Many businesses offer their goods and services in far flung locales, often on a nationwide basis. That raises the specter of disputes ending up in courts far from the home office, in jurisdictions where your normal outside counsel may be unable to practice.
Litigating a case in a foreign jurisdiction greatly increases the expense and aggravation associated with defending a lawsuit. So it pays to think ahead and carefully draft your standard business contracts to avoid that problem. Among your standard terms and conditions should be an exclusive jurisdiction clause requiring that any dispute between the parties be brought in the courts nearest to your office.

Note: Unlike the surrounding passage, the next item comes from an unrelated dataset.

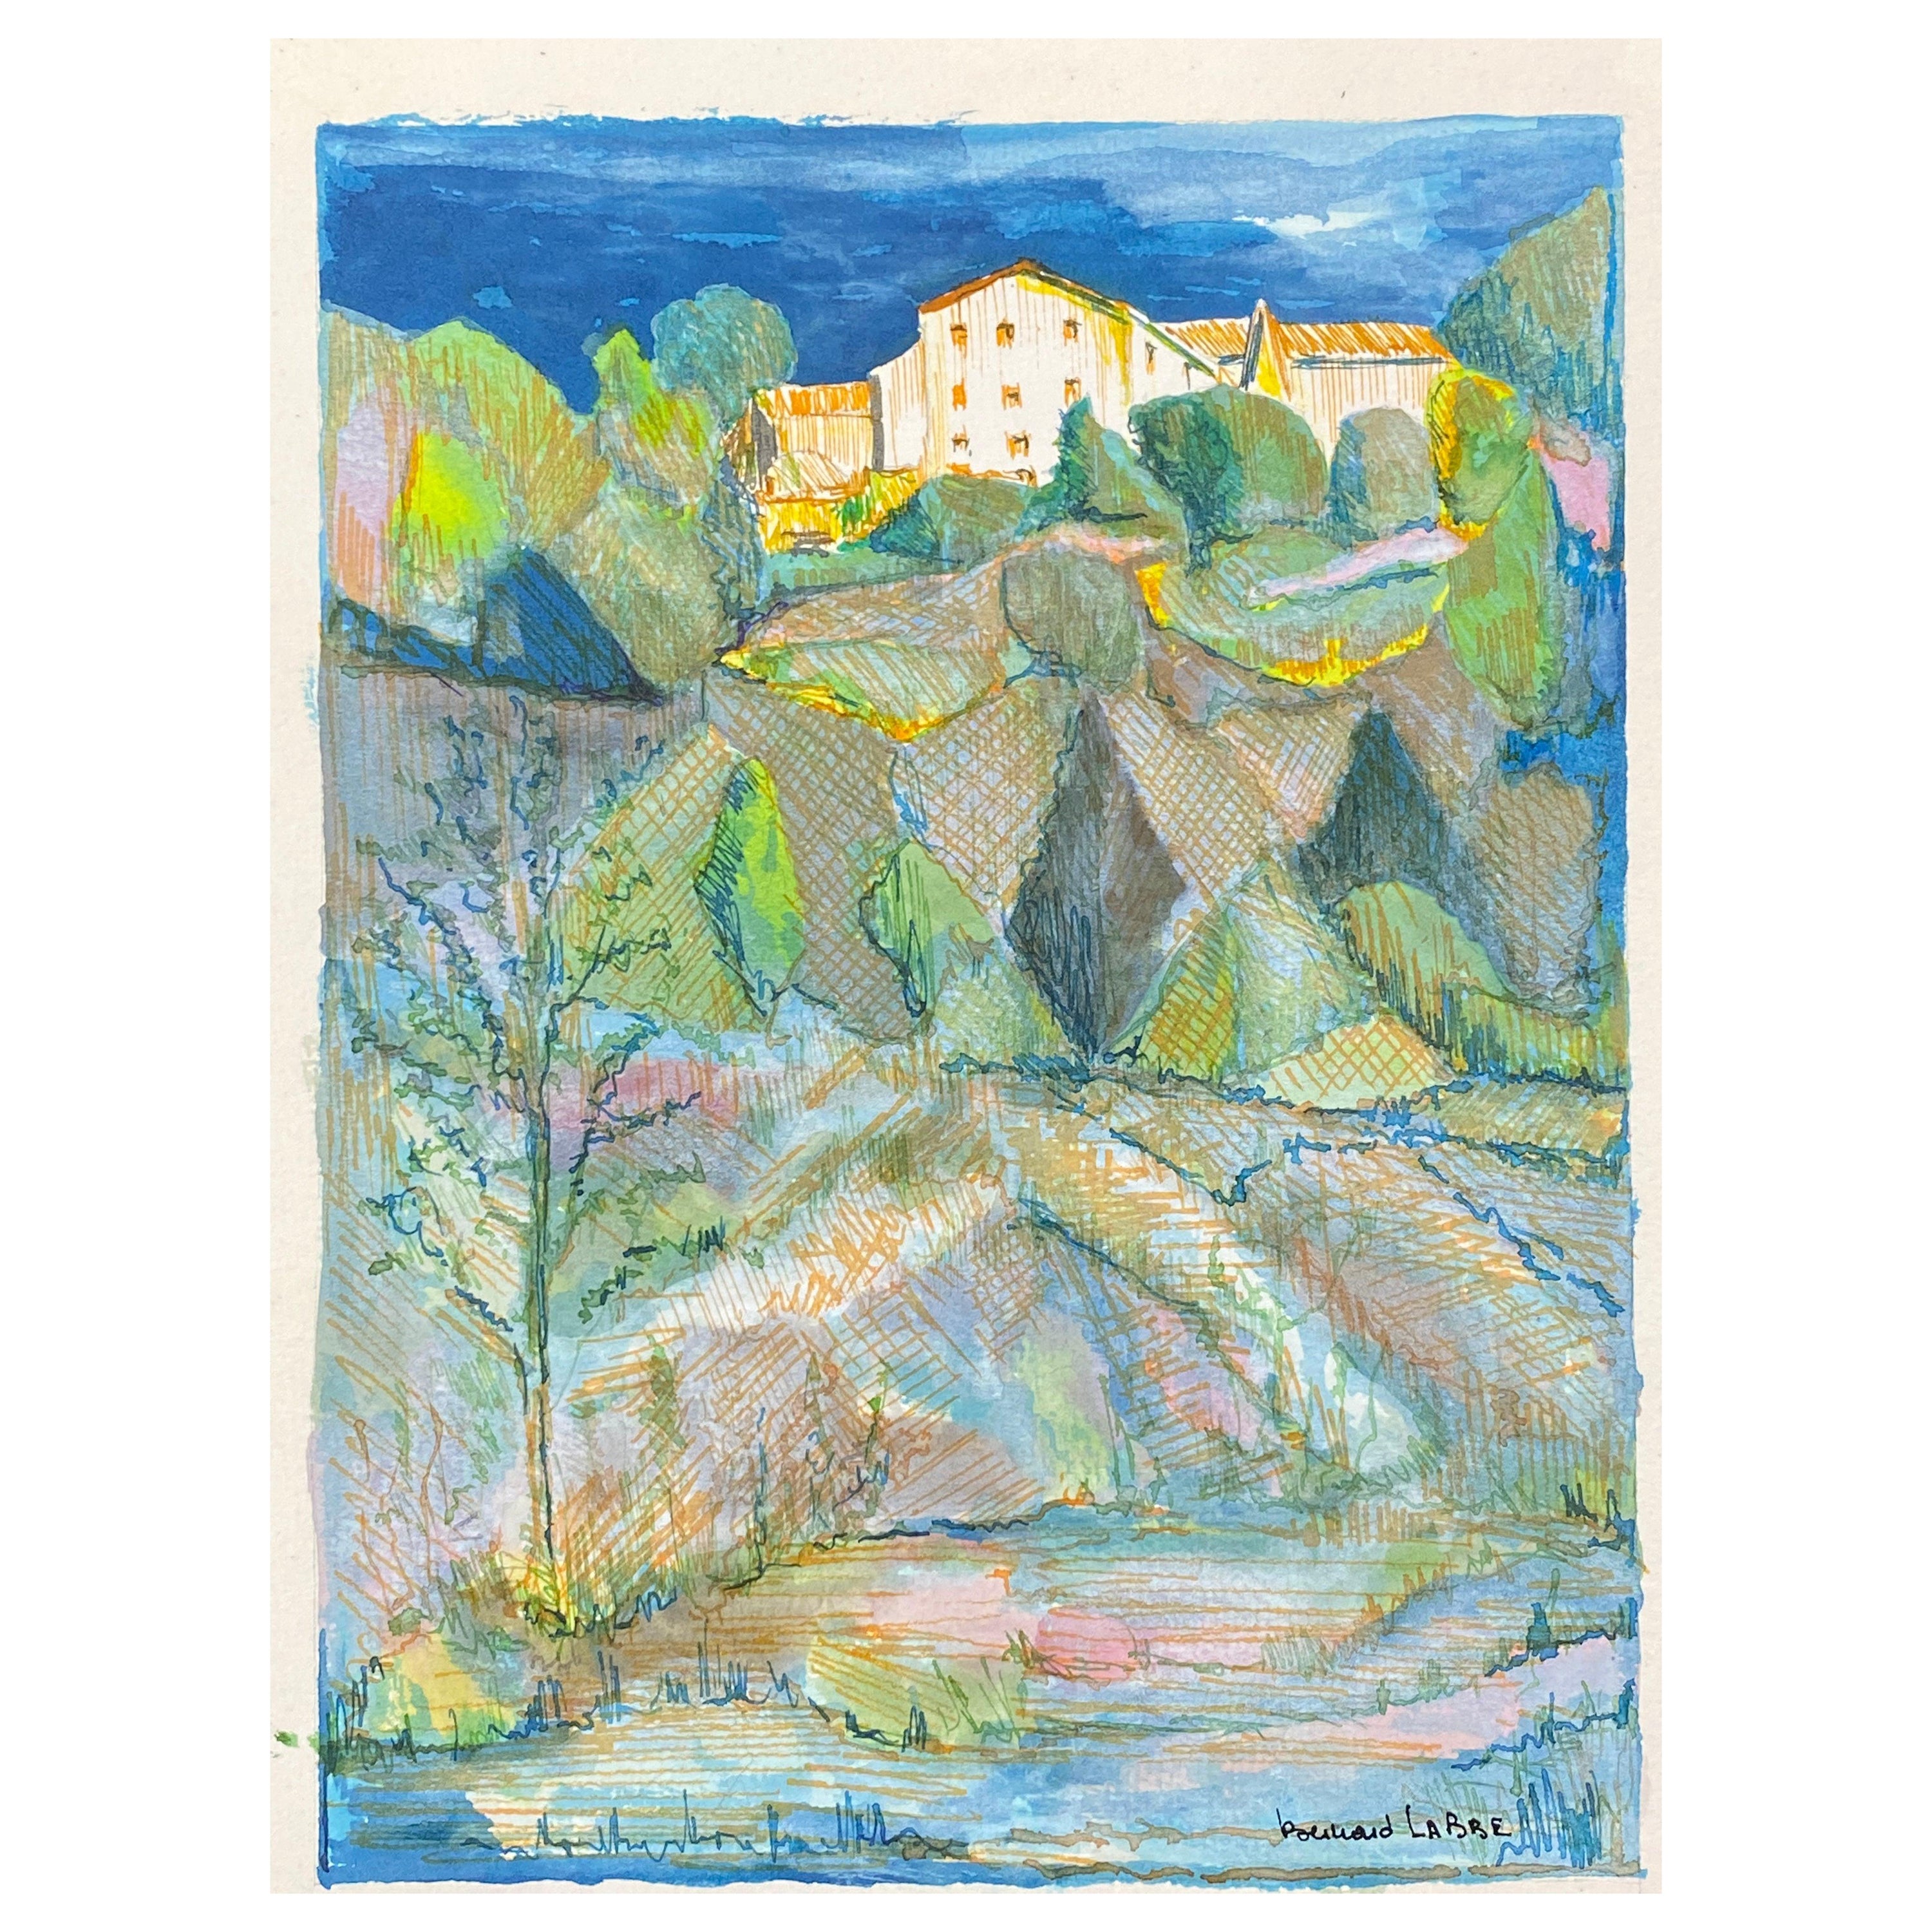 Peinture moderniste/ cubiste française des années 1950, signée, paysage français

It is important that the clause be properly drafted to clearly state that the chosen court has exclusive jurisdiction, that the other party agrees to submit to that court's jurisdiction and waives any objection to the exercise of personal jurisdiction over them, and that the clause covers all disputes arising out of or in any way related to the transaction, regardless of the legal theory asserted.
Along with standard warranty disclaimers, an exclusive jurisdiction clause can discourage a disgruntled customer from pursuing a lawsuit, giving you a greater opportunity to negotiate an amiable resolution before things get out of hand. A well drafted exclusive jurisdiction clause is an ounce of prevention that can avoid a pound of cure. In addition, it is always a good idea to have your lawyer periodically review your standard terms and conditions to make sure that all appropriate provisions are clearly spelled out to protect your interests.